Peter Colburn, the Duke of Orland, and Catherine know one another since way back, as they grew up in neighboring estates. When Catherine’s sister Bianca and Lucian, the friend of Peter’s younger brother Reggie, are doing their thing, Reggie asks Peter to distract Catherine by being charming or something so that Lucian can get Bianca to agree to marry him in good time. Catherine has decided to throw a house party in her father’s country home at a most inconvenient time, you see, and nobody must be alerted to Lucian’s secretive wooing of Bianca as the Mansfield household has a rule that Catherine must marry first before Bianca can do so. Yes, I think it’s best if this novella is read after Woo’d in Haste, as the plot here is connected to that in the other novella.

Anyway, Peter agrees, and falls in love with Catherine in the progress, much to the horror of the people around them. Will his deception come back to bite him in the rear end?

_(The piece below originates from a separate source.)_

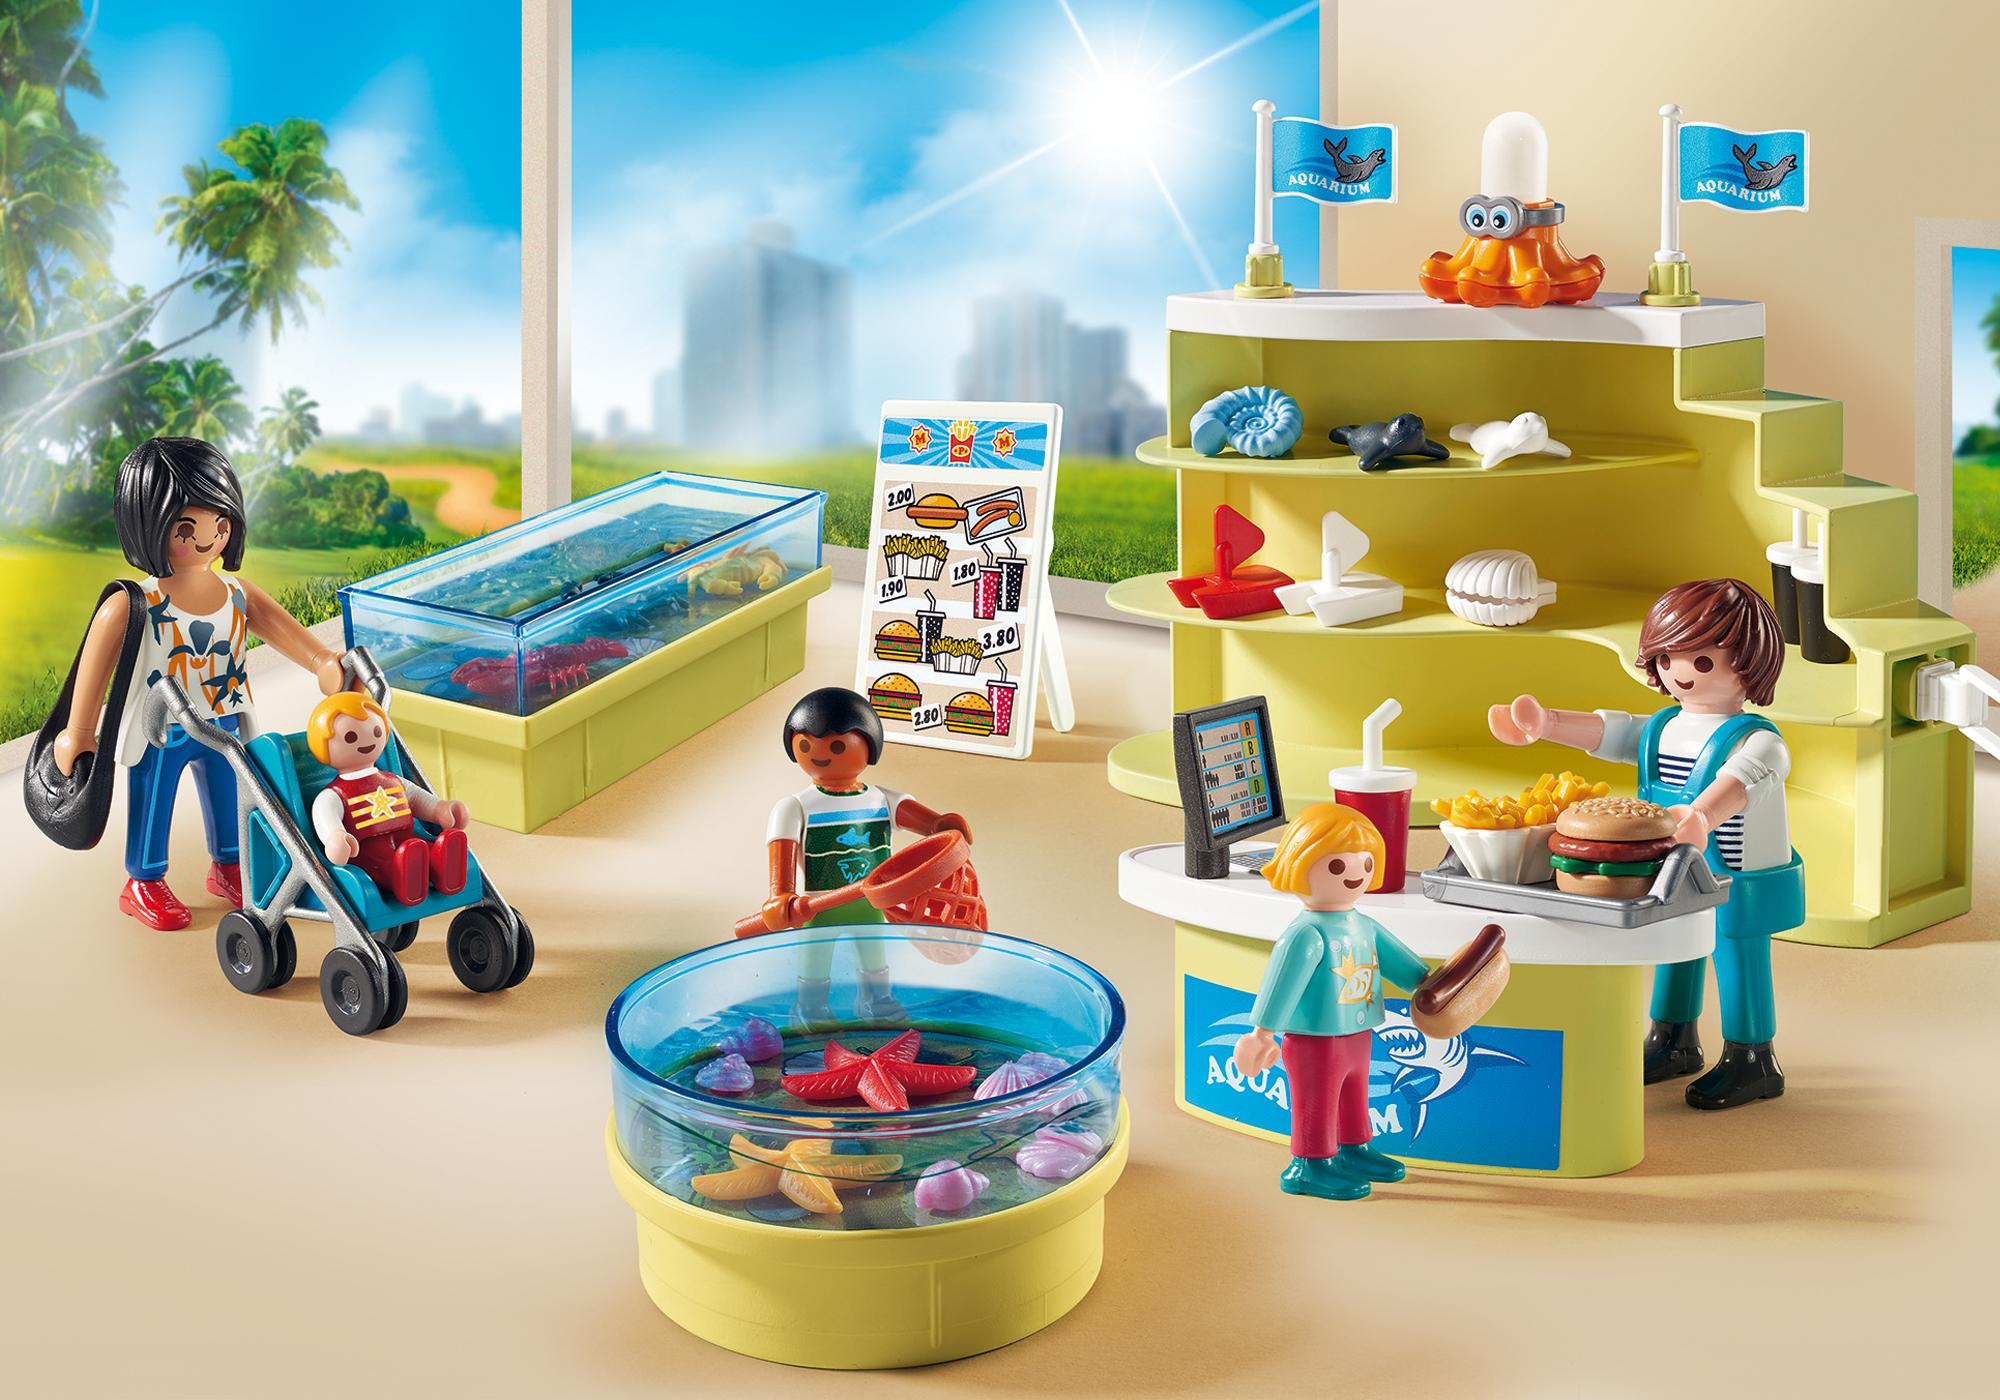 9061_product_detail/Aquarium-Shop

What I really like about Wed at Leisure is the author’s treatment of Catherine. Catherine is a selfish and spoiled lady, yes, but there is a reason why she turns out to be this way, and I find her a pretty unhappy creature that I can’t help but to feel sorry for. You know how sometimes a person can be so used to being called inferior or good for nothing that she starts believing that she is a horrible person, and ends up using her bad behavior as a shield to keep people away without even realizing what she is doing? That’s Catherine. And when she realizes just how far she has gone to the point that she may have lost her sister for good, her reaction is heartbreaking. I won’t say that I’d enjoy being a good friend to Catherine, but I do find some things to admire in her. She’s determined, she isn’t afraid to go for the things she wants, and she can be pretty smart too. I find Catherine a pretty complicated yet fascinating creature.

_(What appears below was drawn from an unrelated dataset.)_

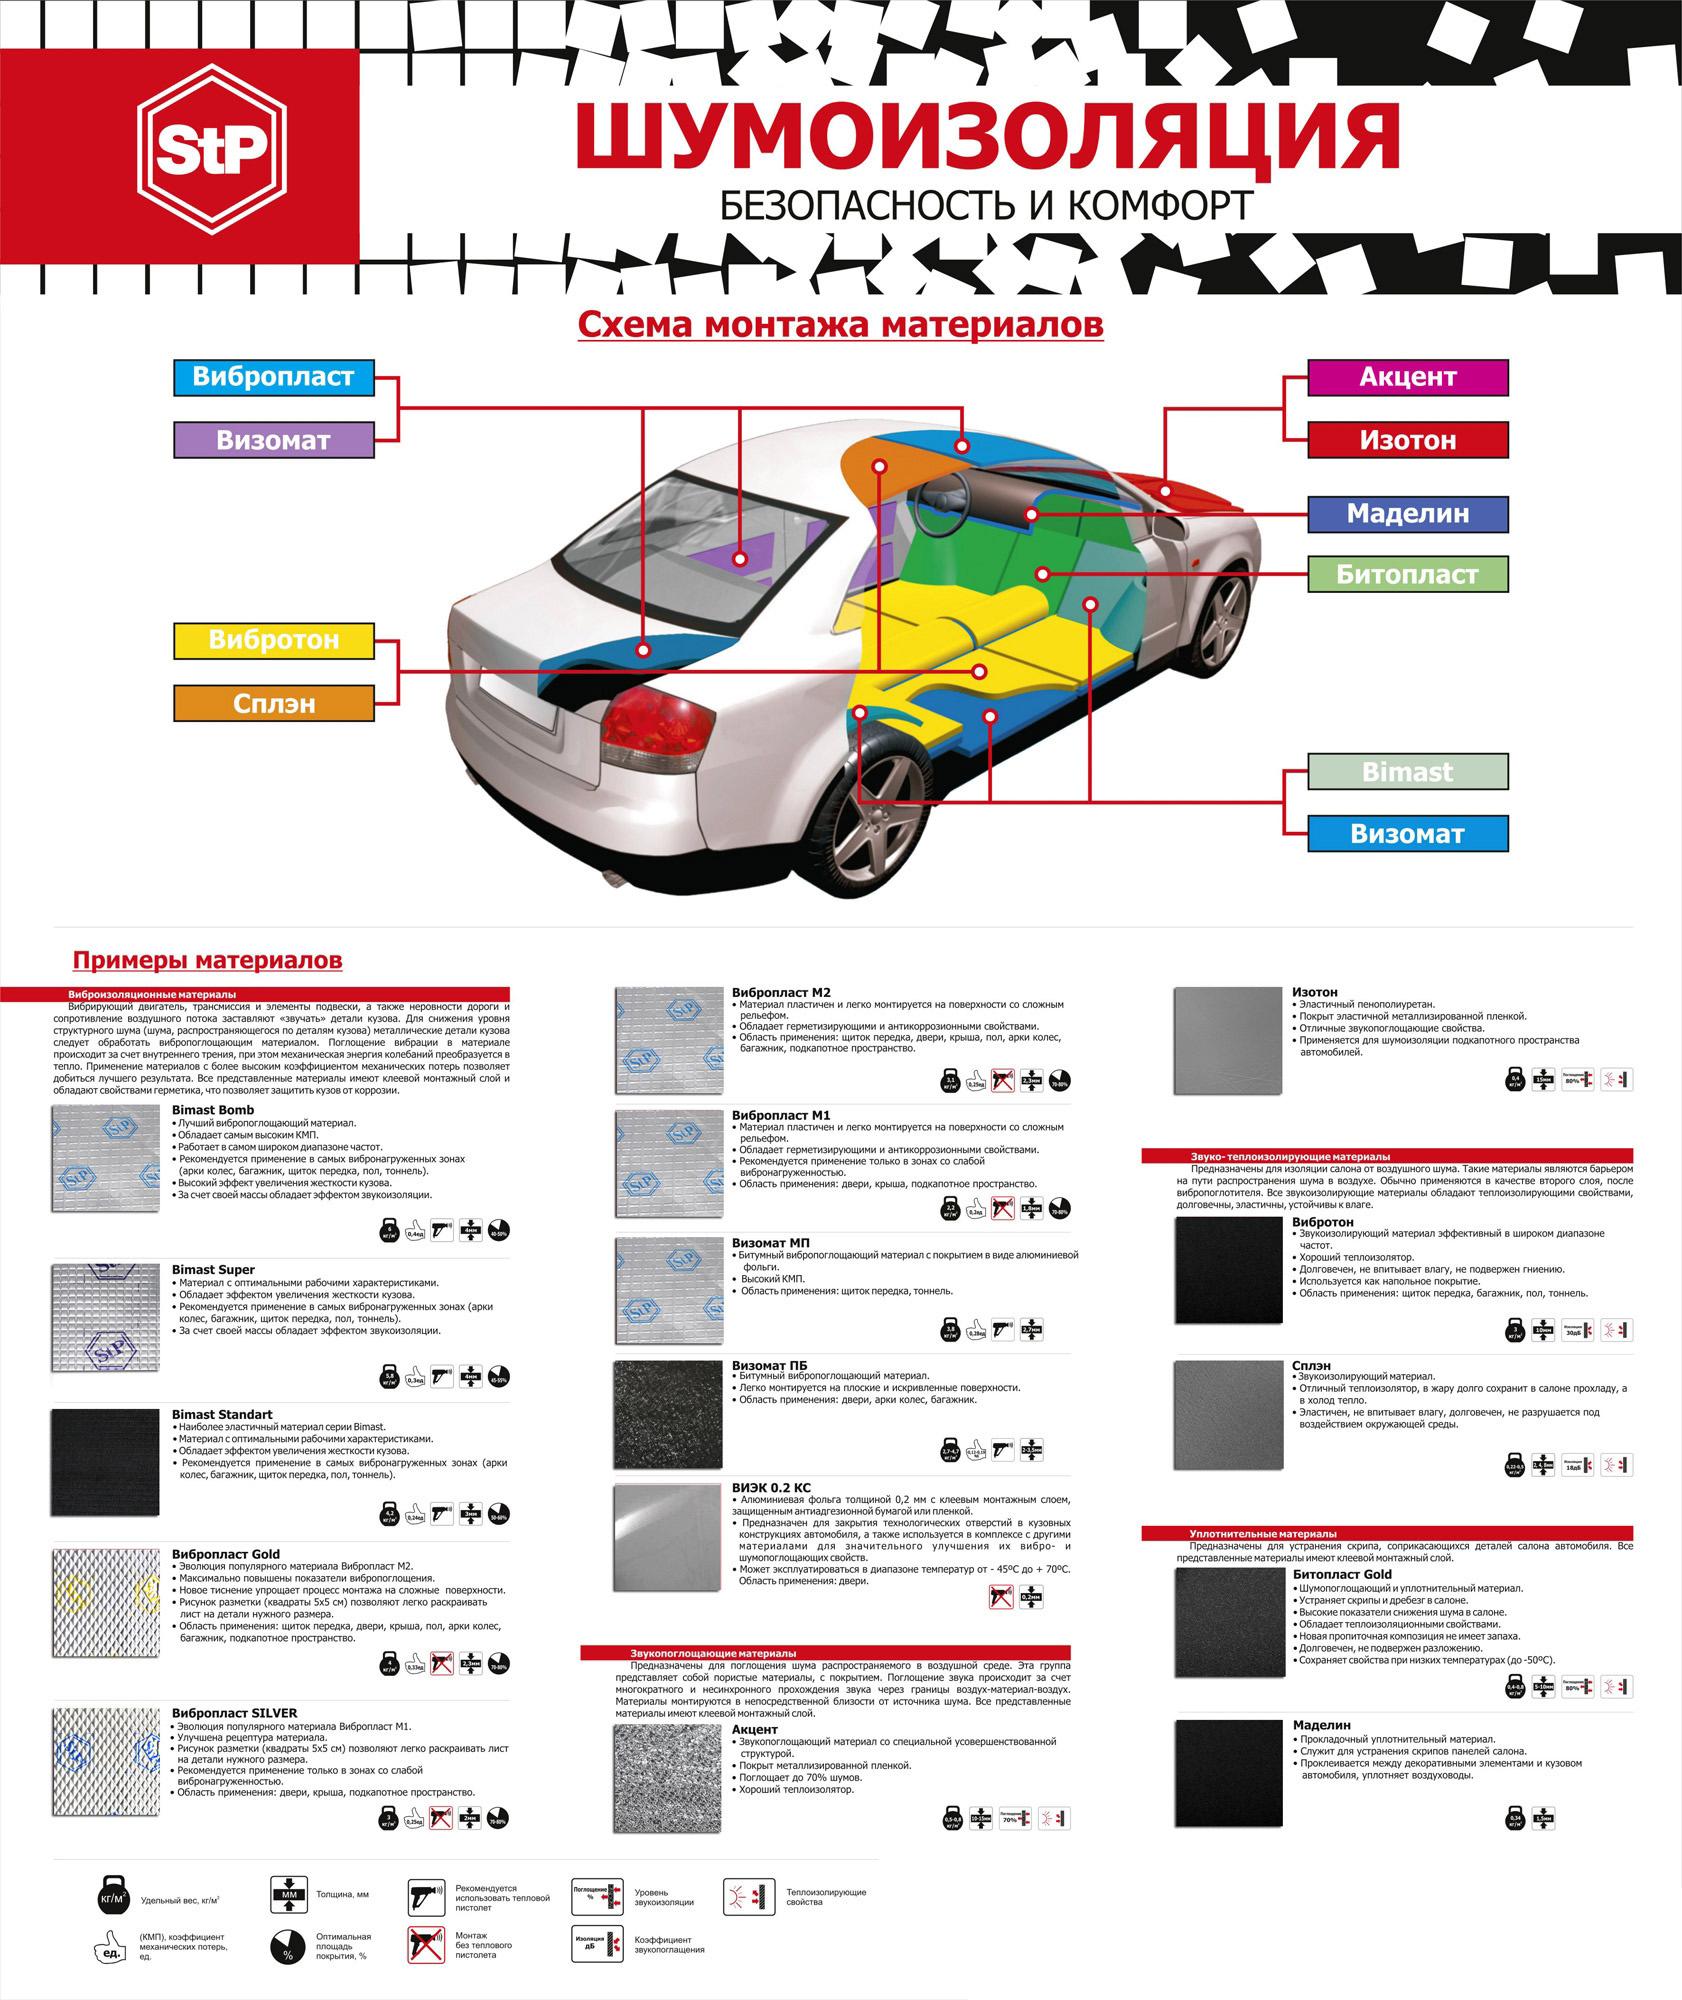 Схема монтажа материалов для автомобиля

Peter is a more straightforward character – ex-soldier war hero Duke, et cetera – but his attraction to Catherine makes sense. He may be the only person in Catherine’s part of the world who understands how parents could pit one sibling against another in a manner that can permanently drive a wedge between the two siblings, and therefore, he is also that person who would never hesitate to defend her even if this makes him the only fool standing up in the entire room. I don’t know if she’s good for him, but I do know that he’s good for her, and I like Catherine enough to want to see her happy.

Wed at Leisure has the usual limitations of a novella – accelerated pacing and such – but it catches me off guard with the author’s delicate handling of Catherine’s character. There is a depth to her character that I don’t come across every day even in full length novels, and I appreciate the author for not taking short cuts here by having Catherine be more of a stereotypical repentant goody-goody martyr sort, which would be far less of a risk than what Catherine is in this story. Even more impressive is how this story charms me without making me wish that it is a longer story. It ends on the right note – just right, and I can’t be any happier.

If Wed at Leisure had been a full-length novel, it’s an easy four-oogie read to me. But the fact that it’s a novella, and it manages to floor me this well… I guess I just have to toss in another oogie for that. So here you go, have one on me. It’s been a real pleasure.